■ The problem:
Please give the lines below again exactly as they stand, from the one that contains "Pendant que les" up to and including the one that contains "パッキングテープ バリケード テープ", leaving all pictures out.

■ Exercise material:
^^^^^^^^^^^^^^^^
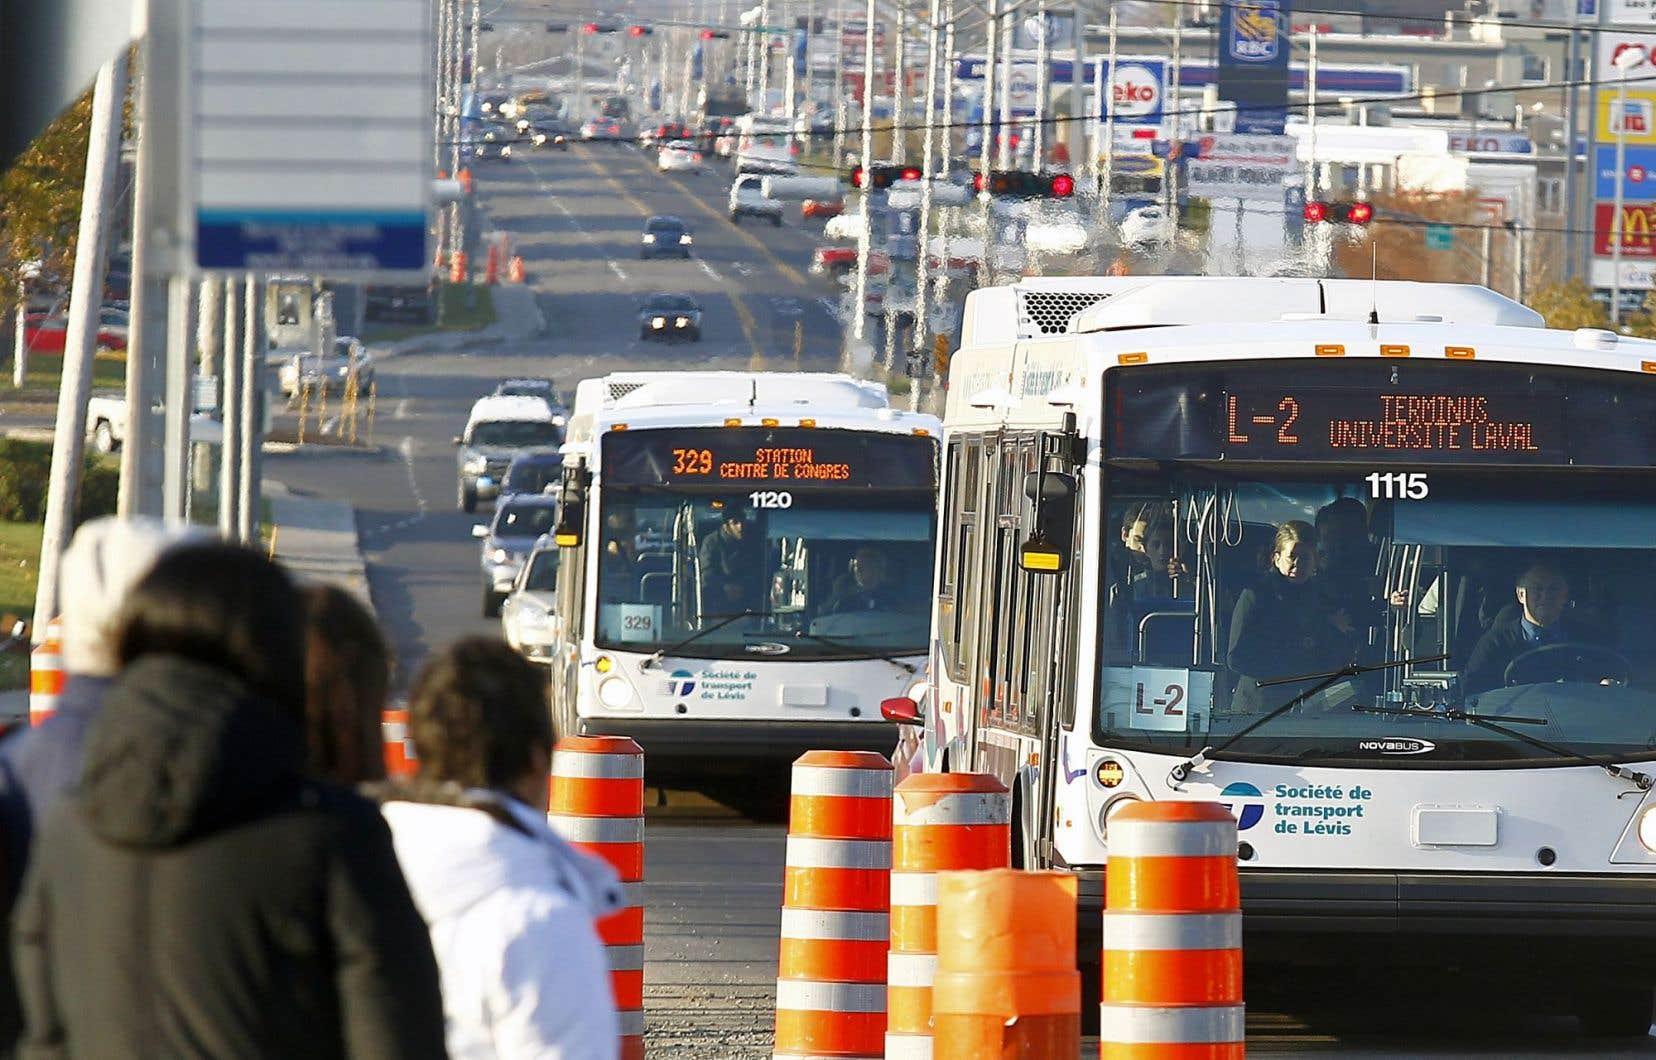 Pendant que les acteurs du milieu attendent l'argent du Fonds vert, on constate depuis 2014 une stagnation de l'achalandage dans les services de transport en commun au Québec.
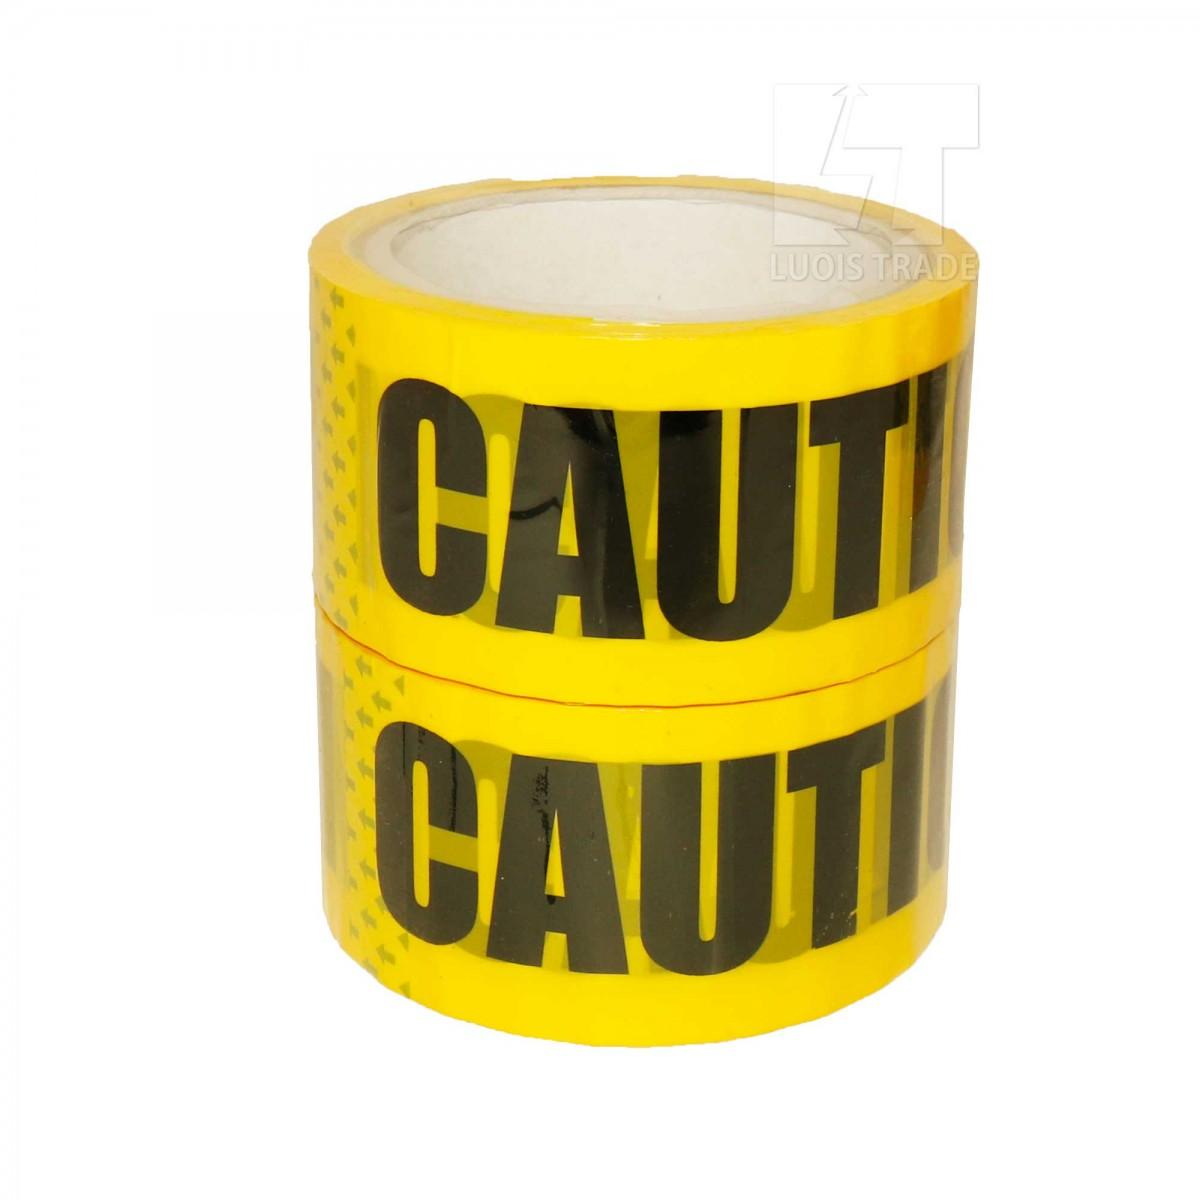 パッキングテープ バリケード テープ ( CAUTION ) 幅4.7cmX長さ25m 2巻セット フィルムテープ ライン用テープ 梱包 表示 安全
^^^^^^^^^^^^^^^^
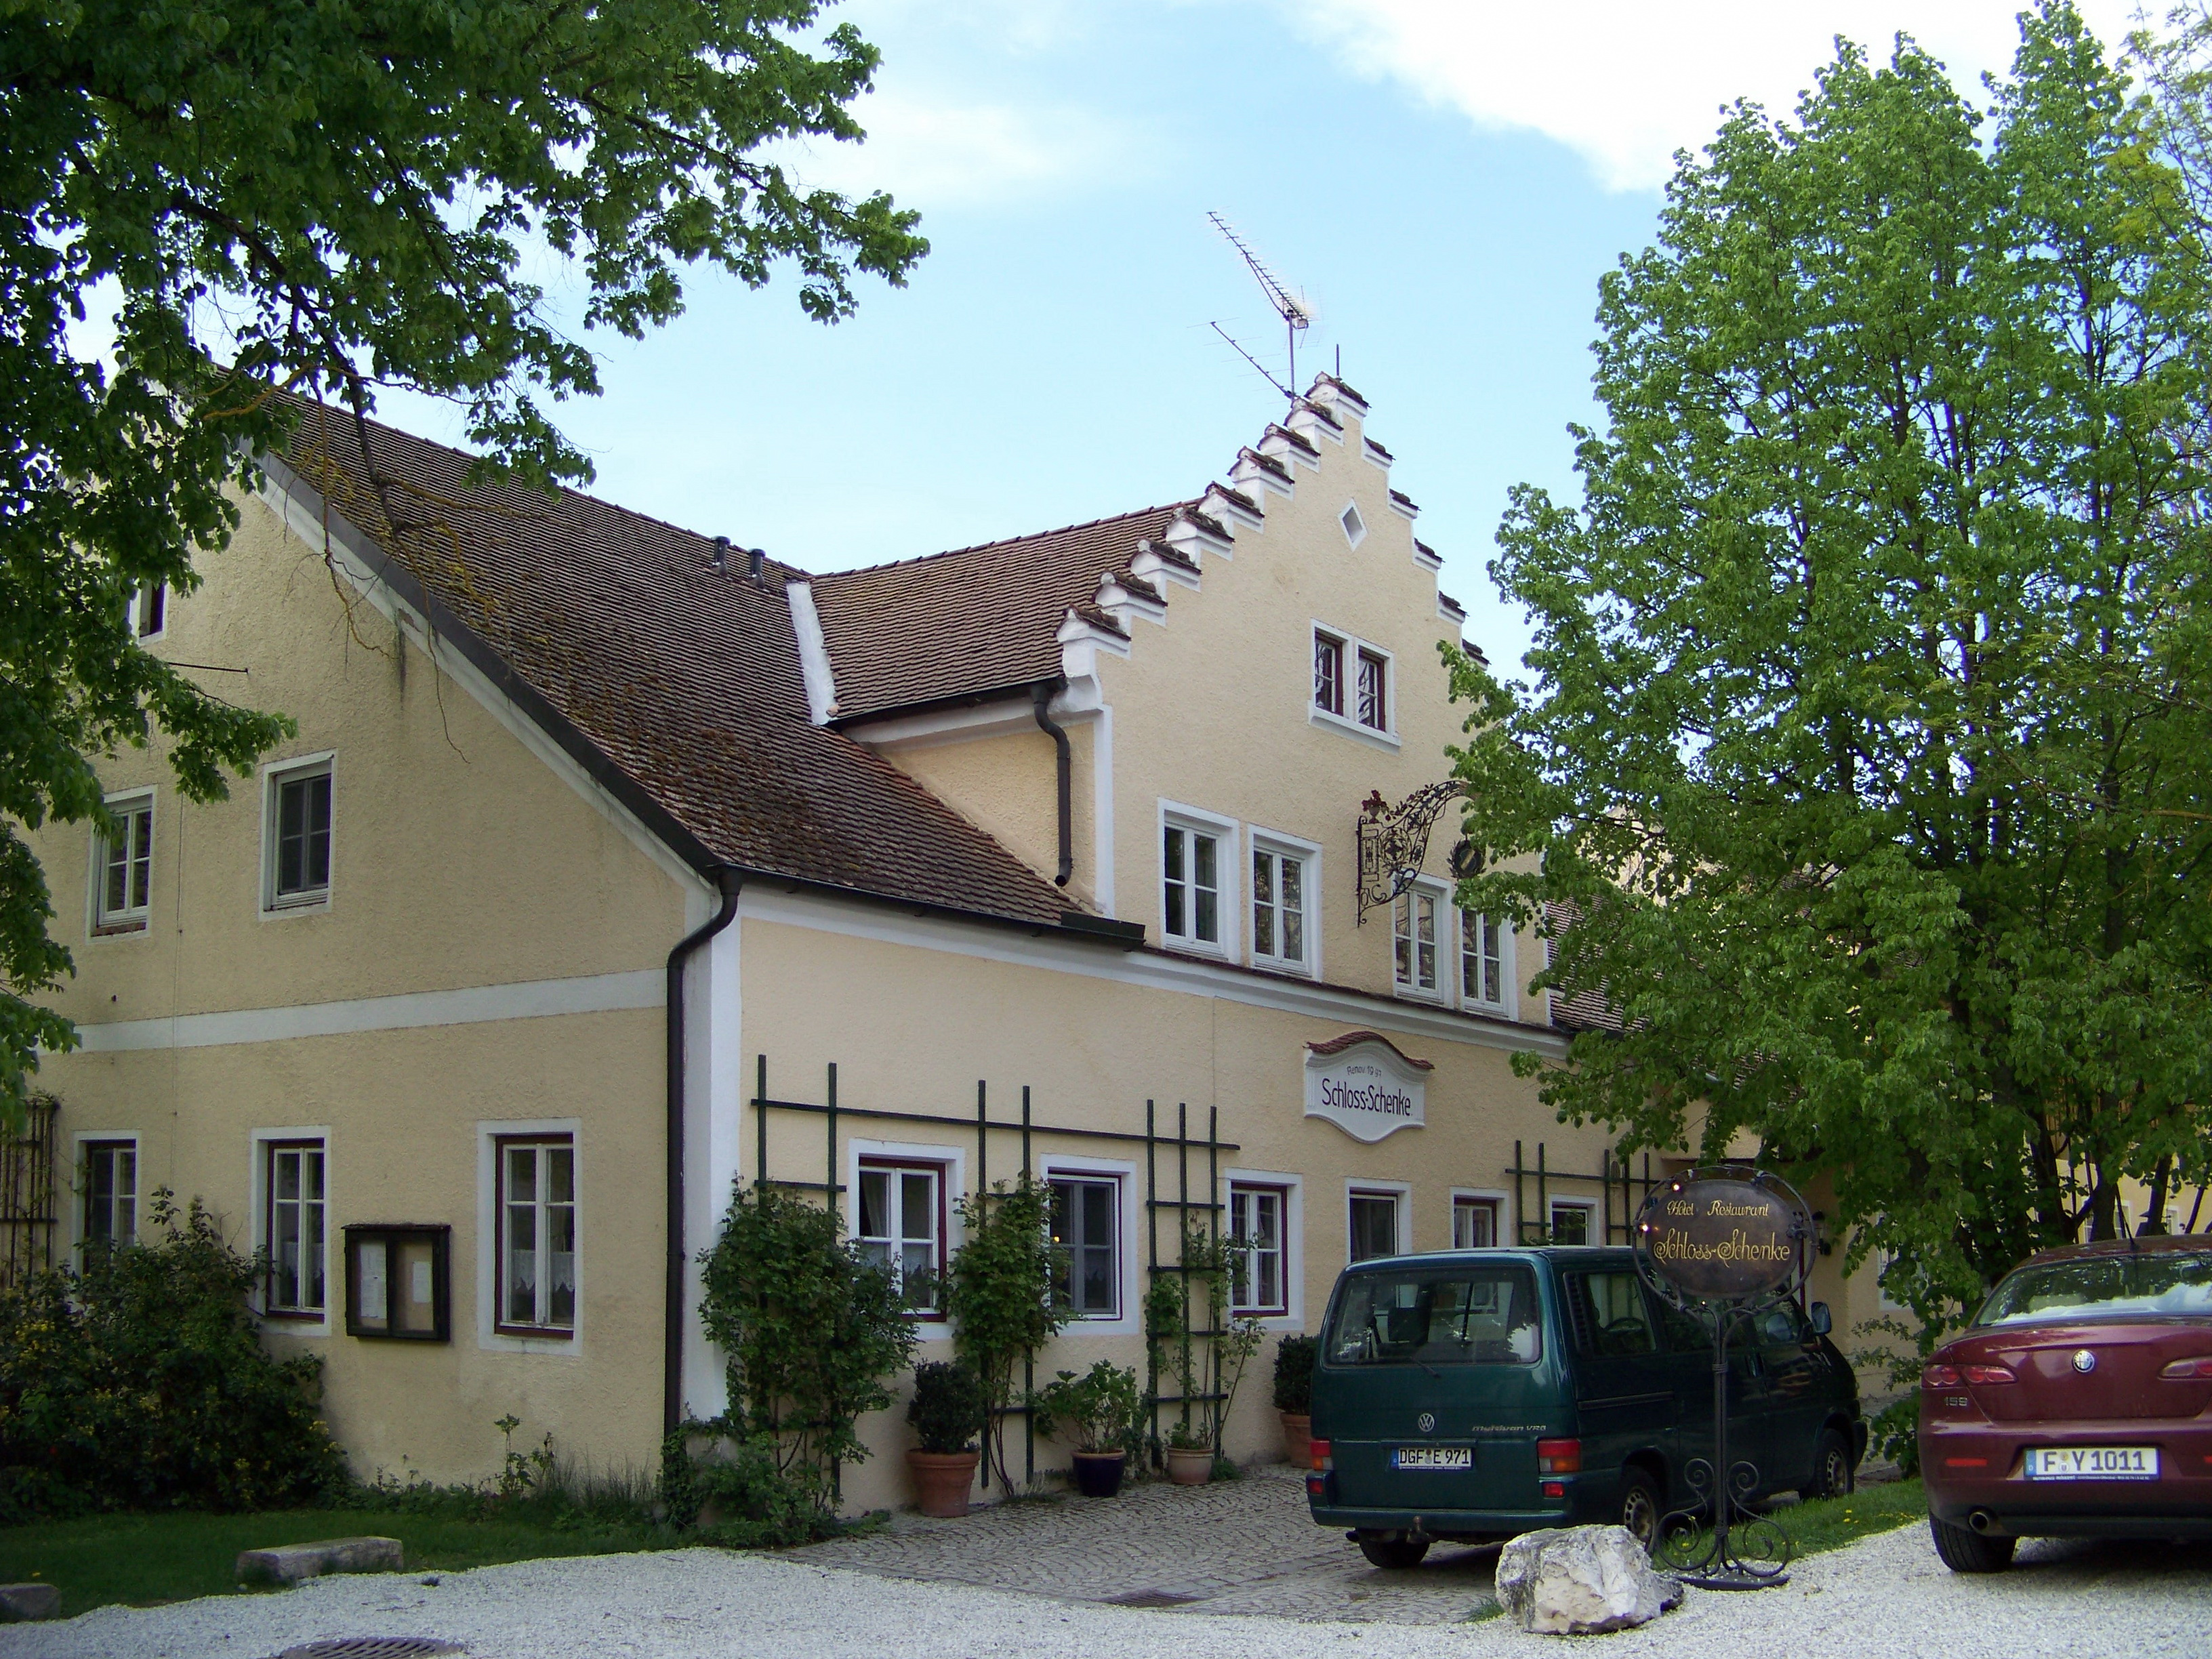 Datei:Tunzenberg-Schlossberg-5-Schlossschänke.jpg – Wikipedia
^^^^^^^^^^^^^^^^
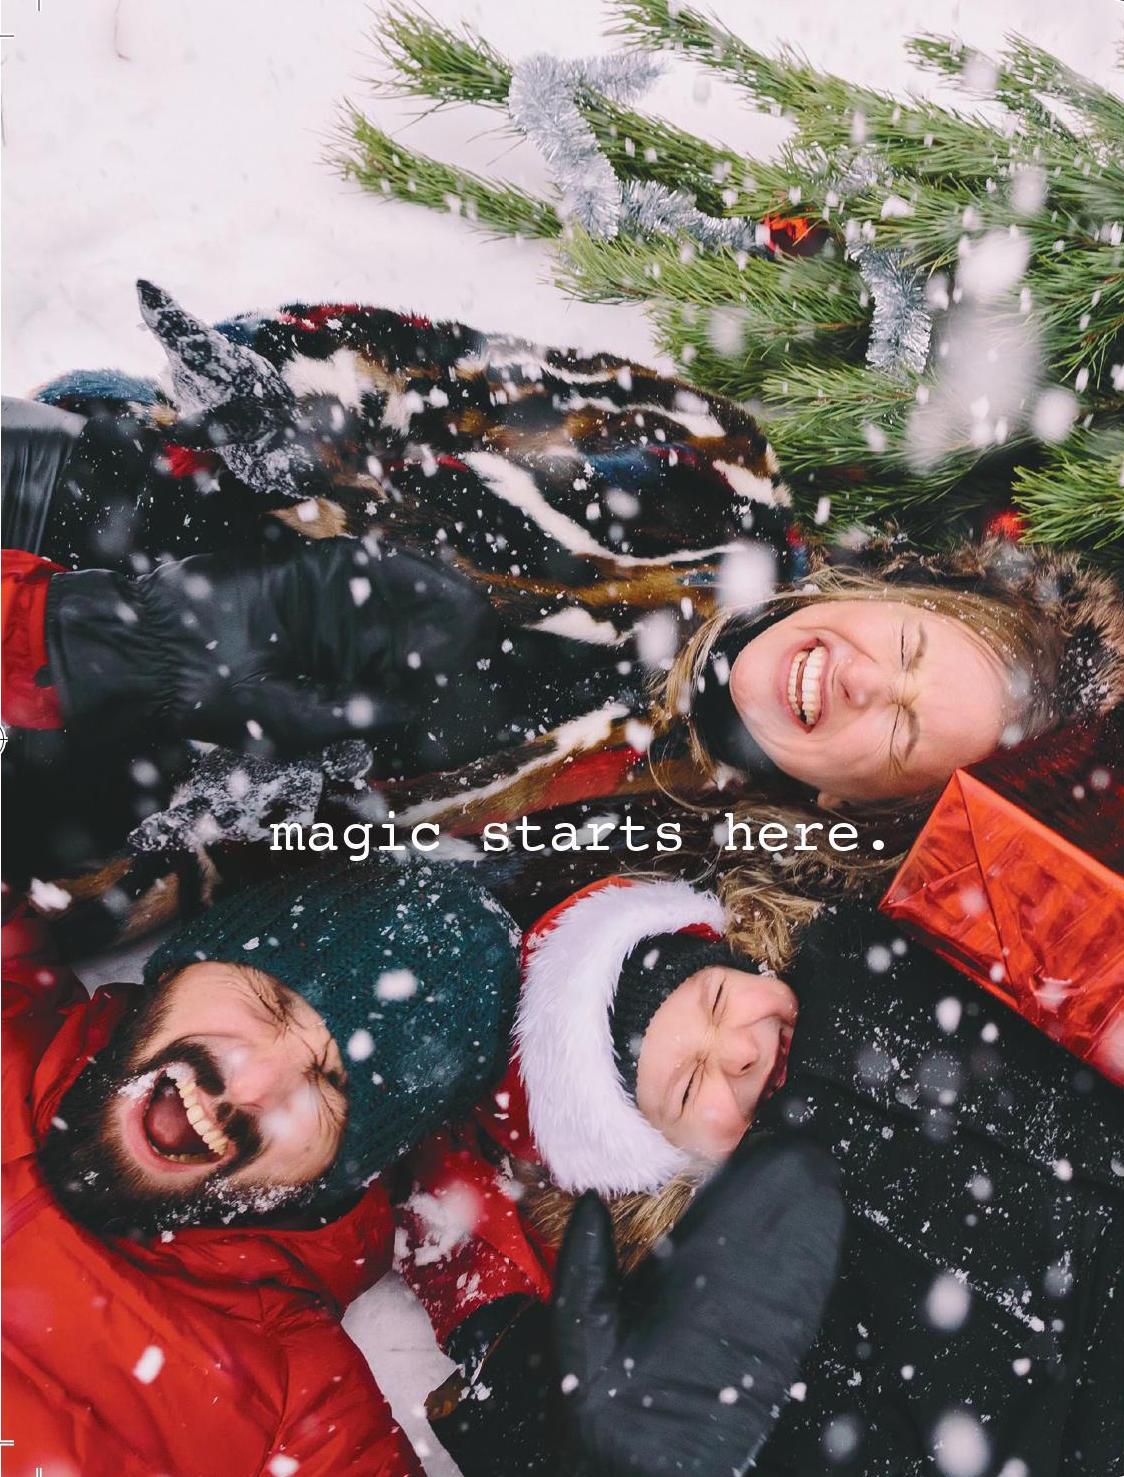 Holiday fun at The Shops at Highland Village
^^^^^^^^^^^^^^^^
■ Solution below:
 Pendant que les acteurs du milieu attendent l'argent du Fonds vert, on constate depuis 2014 une stagnation de l'achalandage dans les services de transport en commun au Québec.
 パッキングテープ バリケード テープ ( CAUTION ) 幅4.7cmX長さ25m 2巻セット フィルムテープ ライン用テープ 梱包 表示 安全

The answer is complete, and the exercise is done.